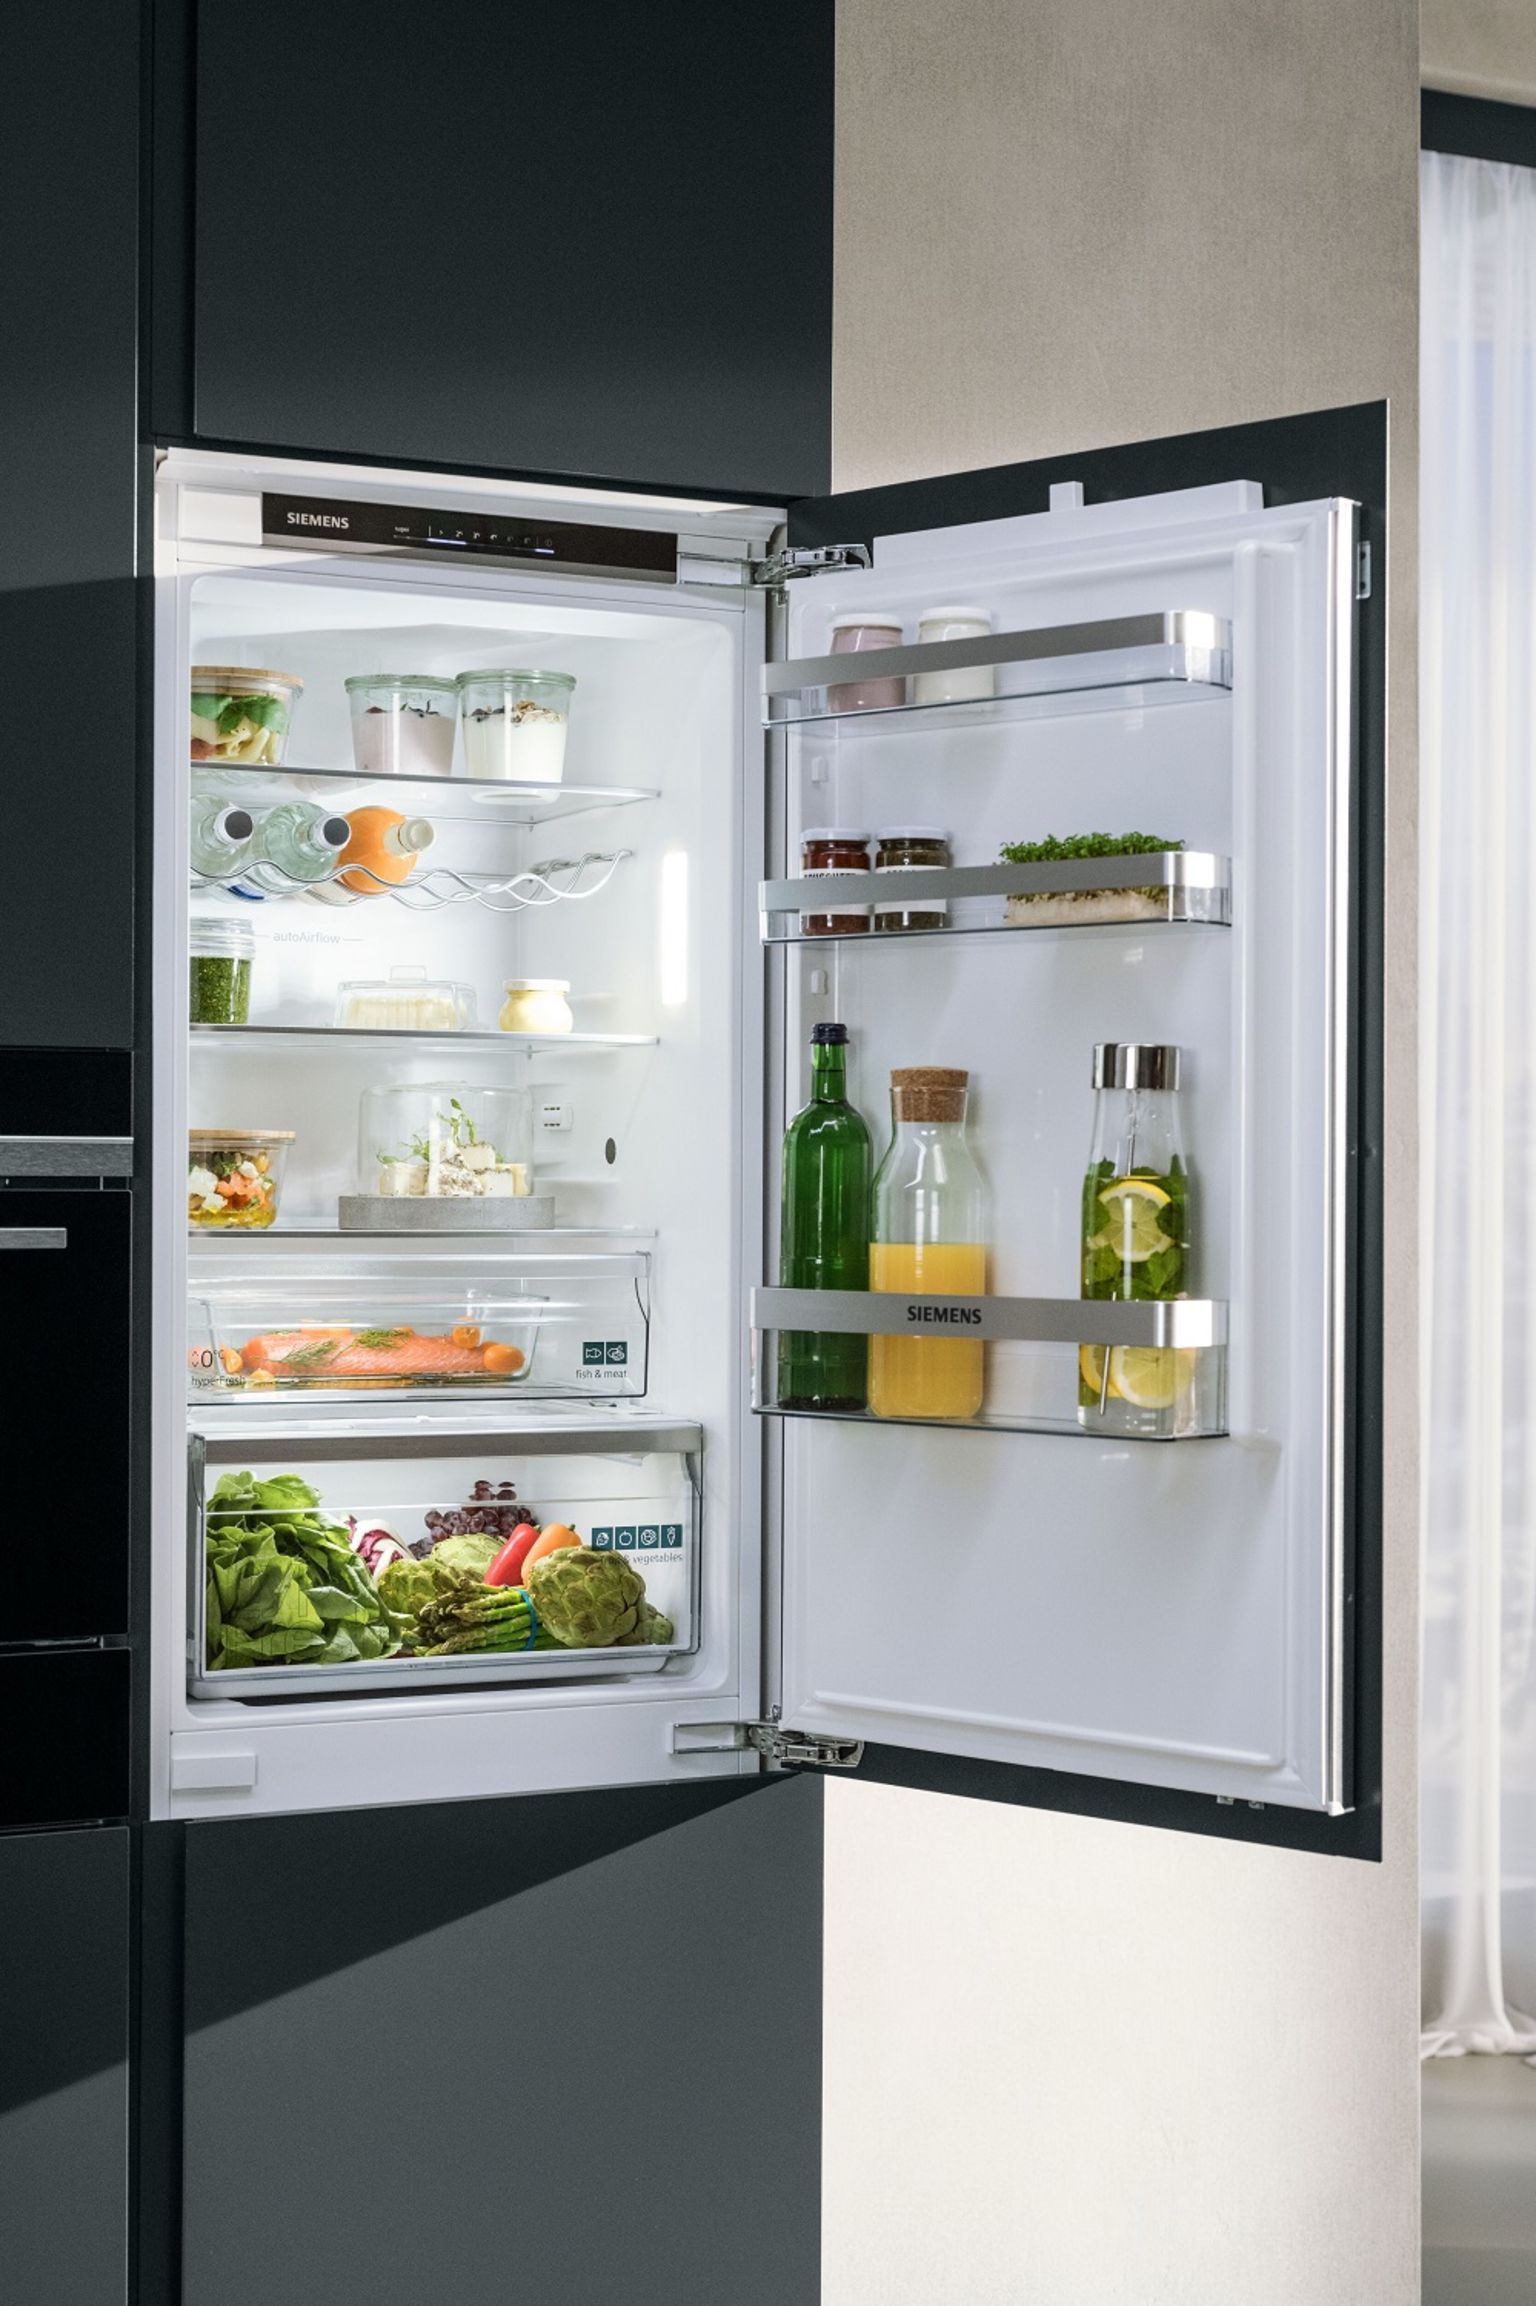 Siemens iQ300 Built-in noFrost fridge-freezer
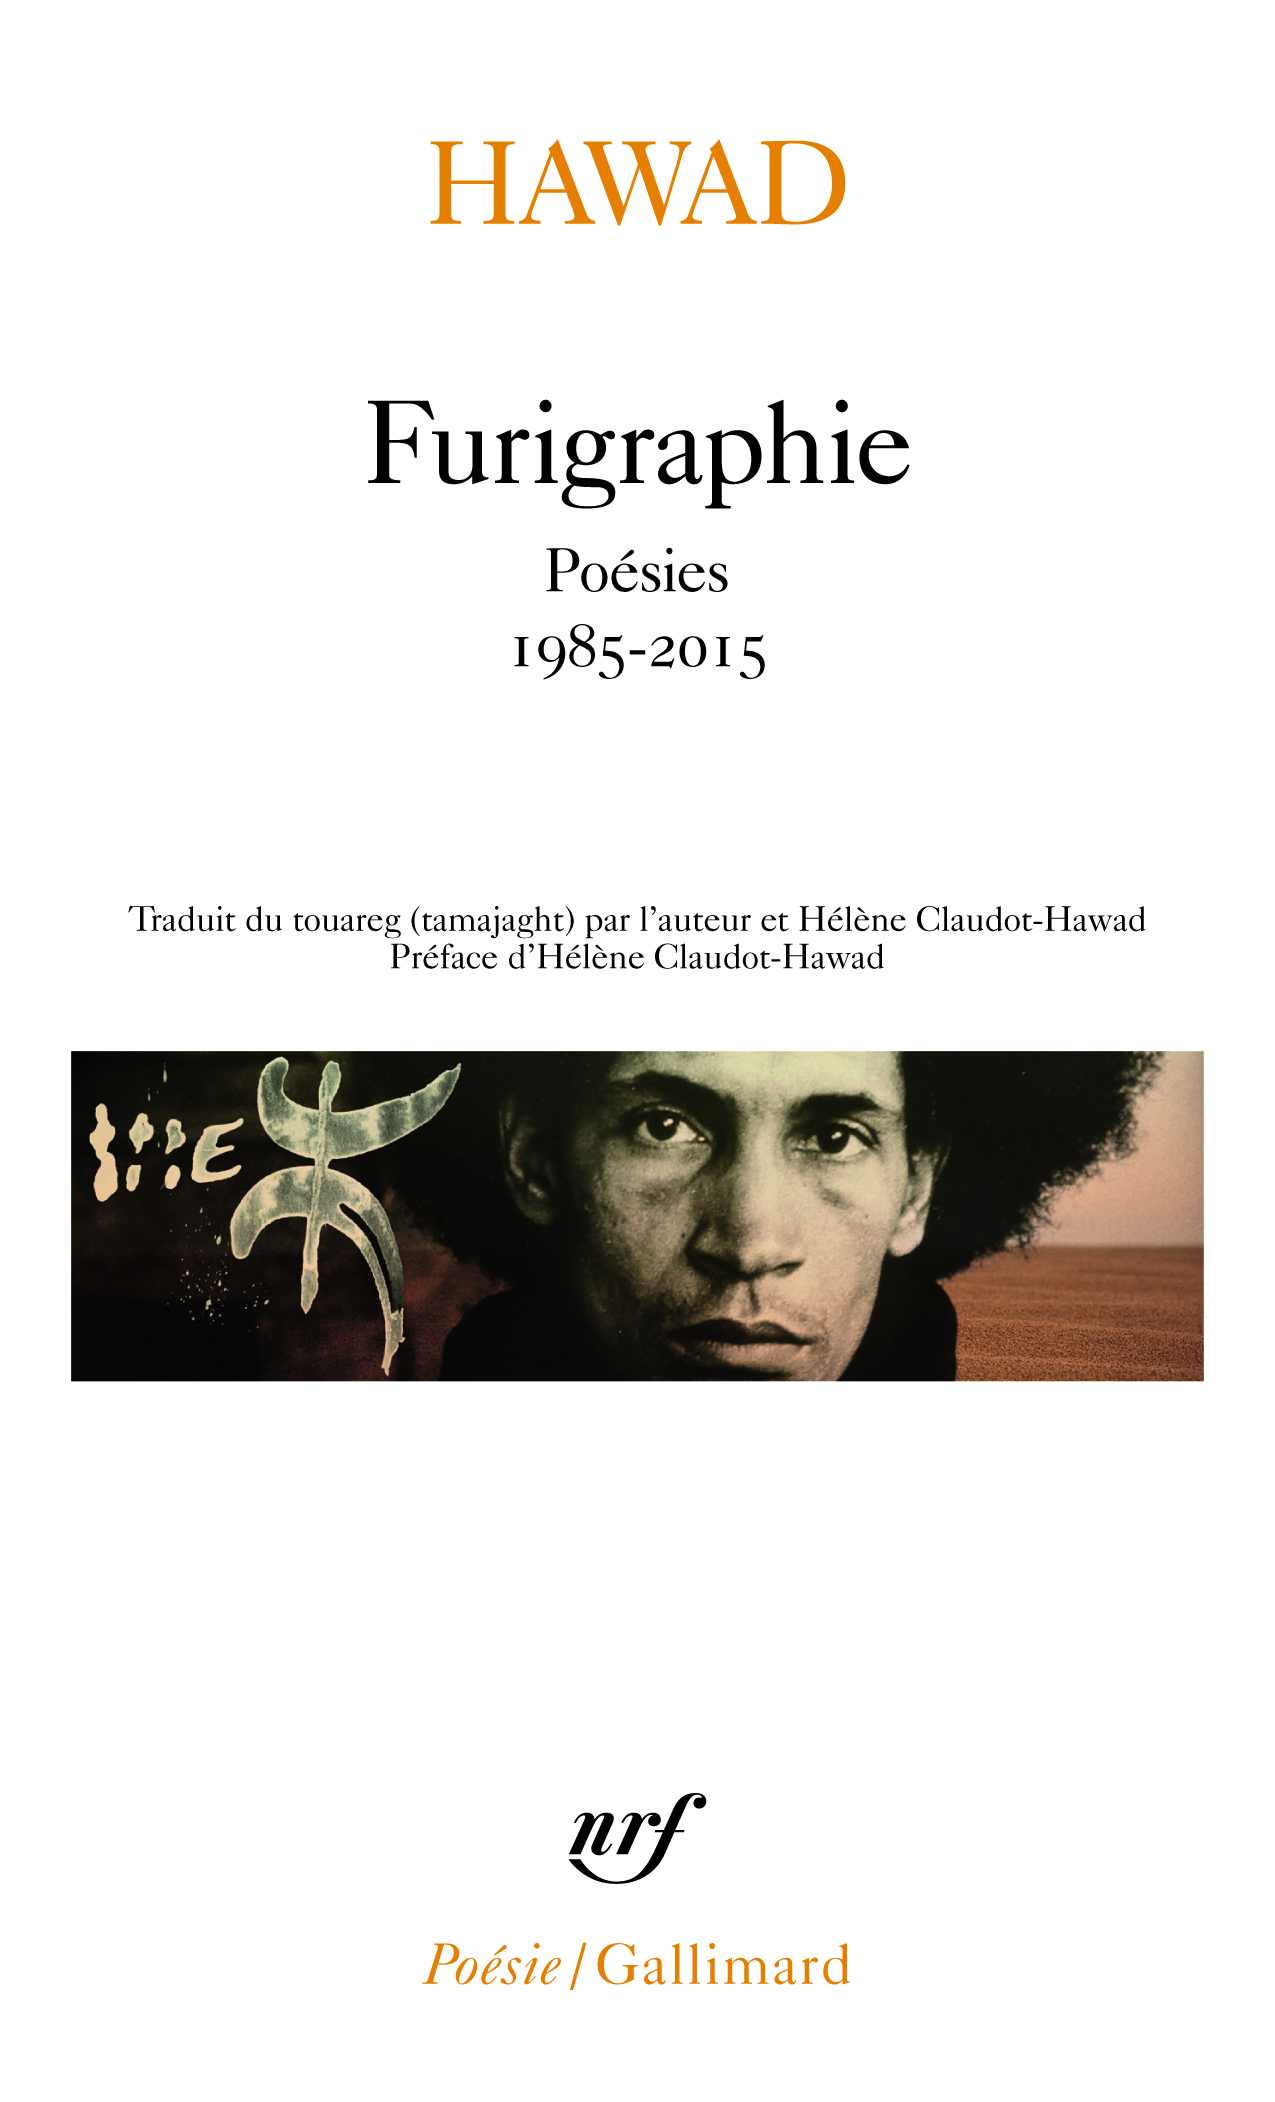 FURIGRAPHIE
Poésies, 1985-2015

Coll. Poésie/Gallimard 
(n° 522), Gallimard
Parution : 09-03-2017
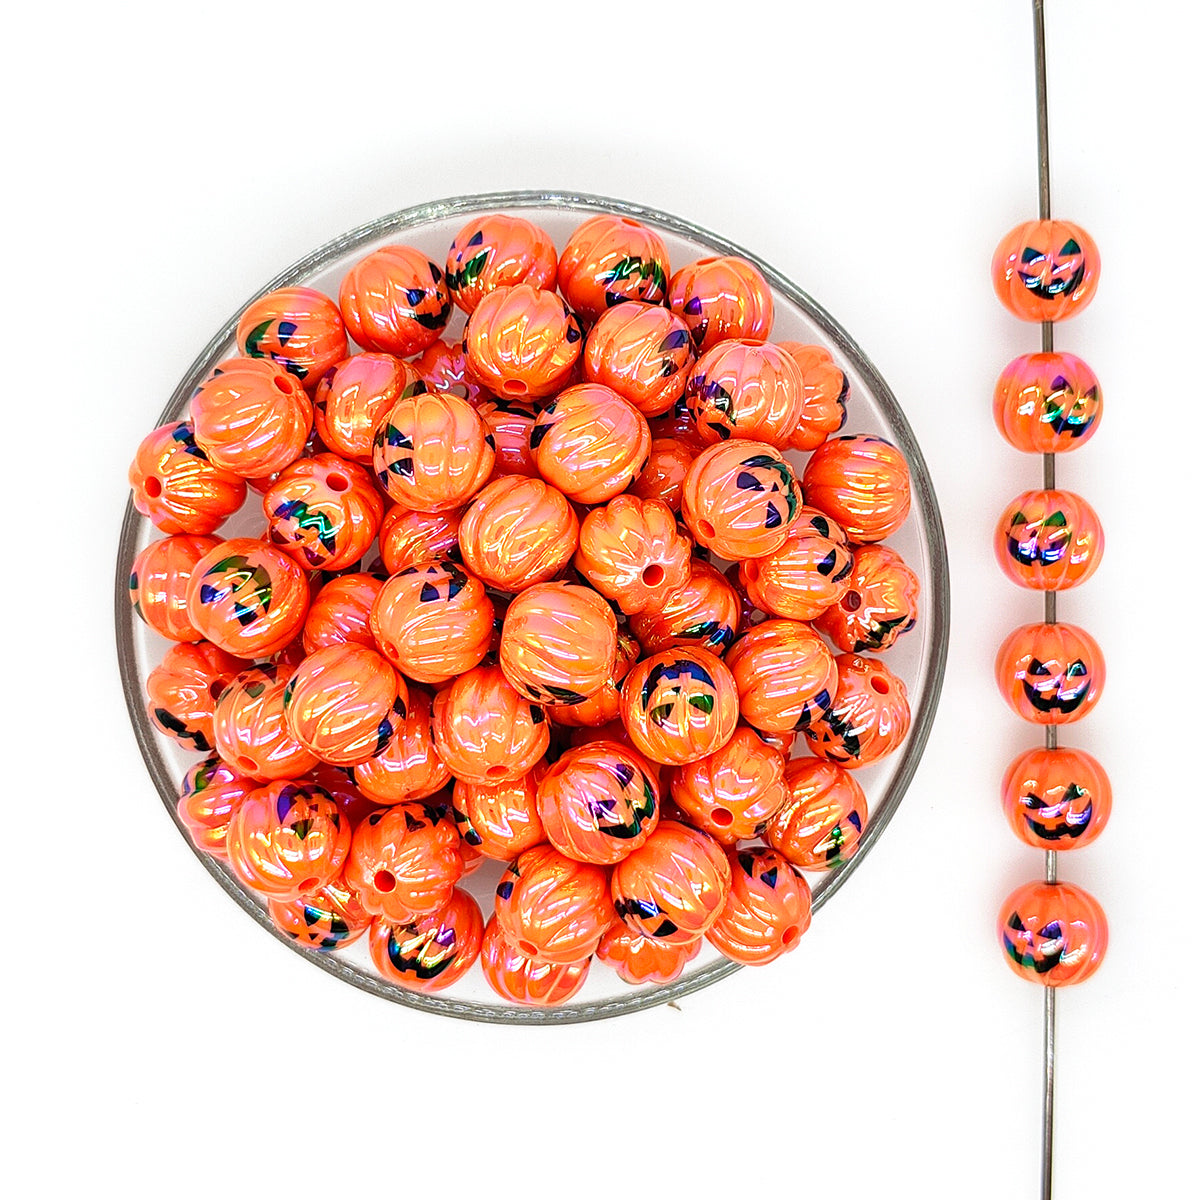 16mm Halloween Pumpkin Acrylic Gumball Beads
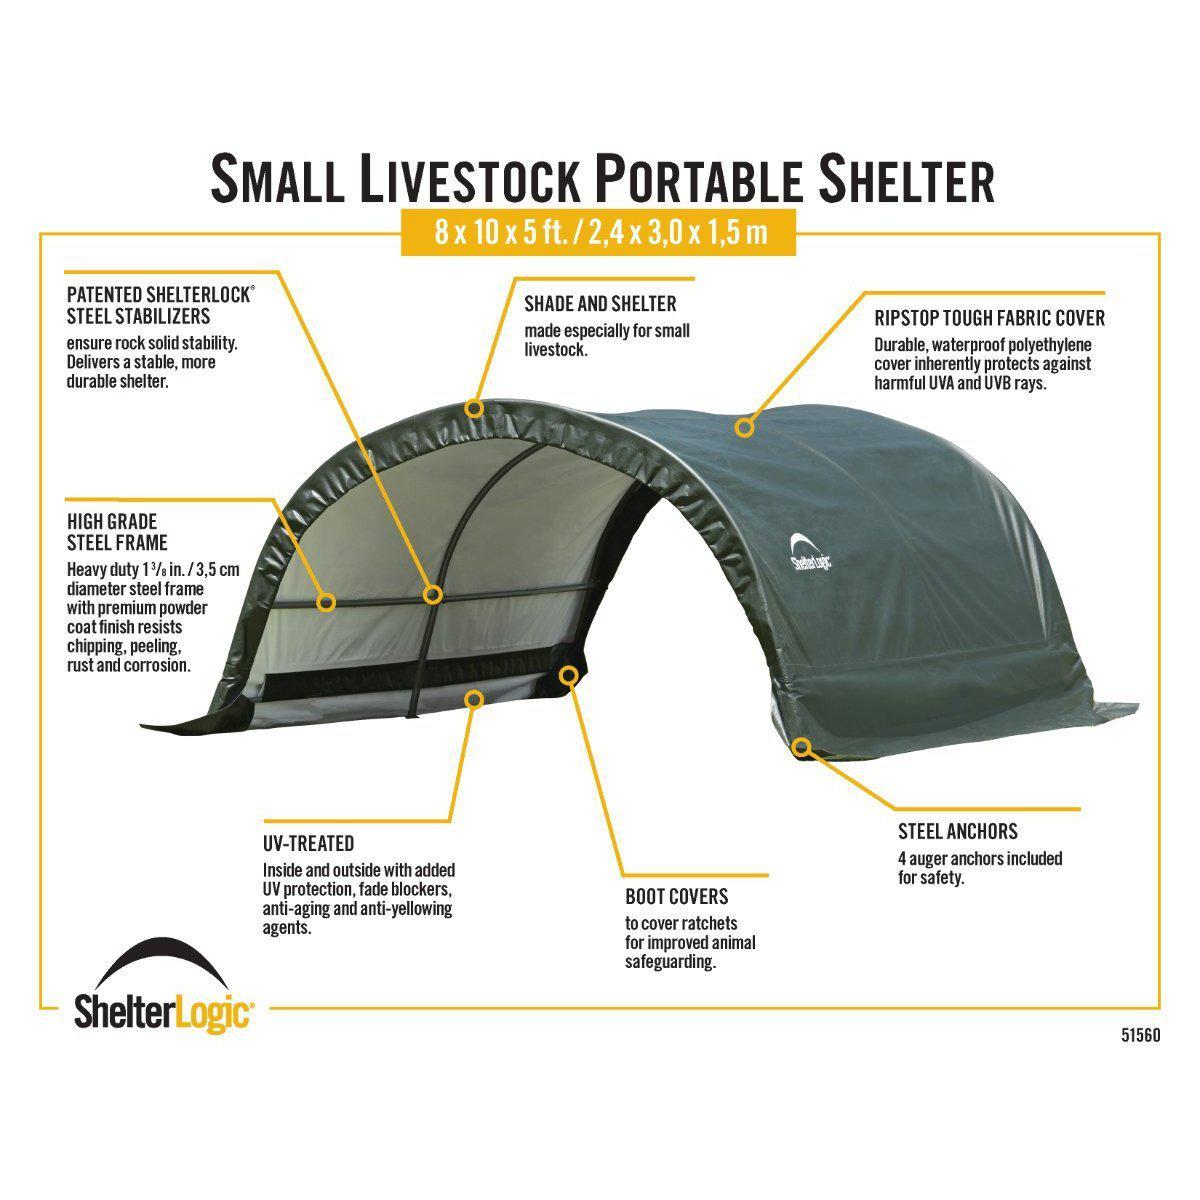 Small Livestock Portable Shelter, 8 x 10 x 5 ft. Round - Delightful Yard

------------------------------------------------

**Exercise instructions:**
Starting with the line that contains "Parution : 09-03-2017", give the lines again exactly as they appear through the last line of the data, pictures excluded.

**Task answer:**
Parution : 09-03-2017
 16mm Halloween Pumpkin Acrylic Gumball Beads
 Small Livestock Portable Shelter, 8 x 10 x 5 ft. Round - Delightful Yard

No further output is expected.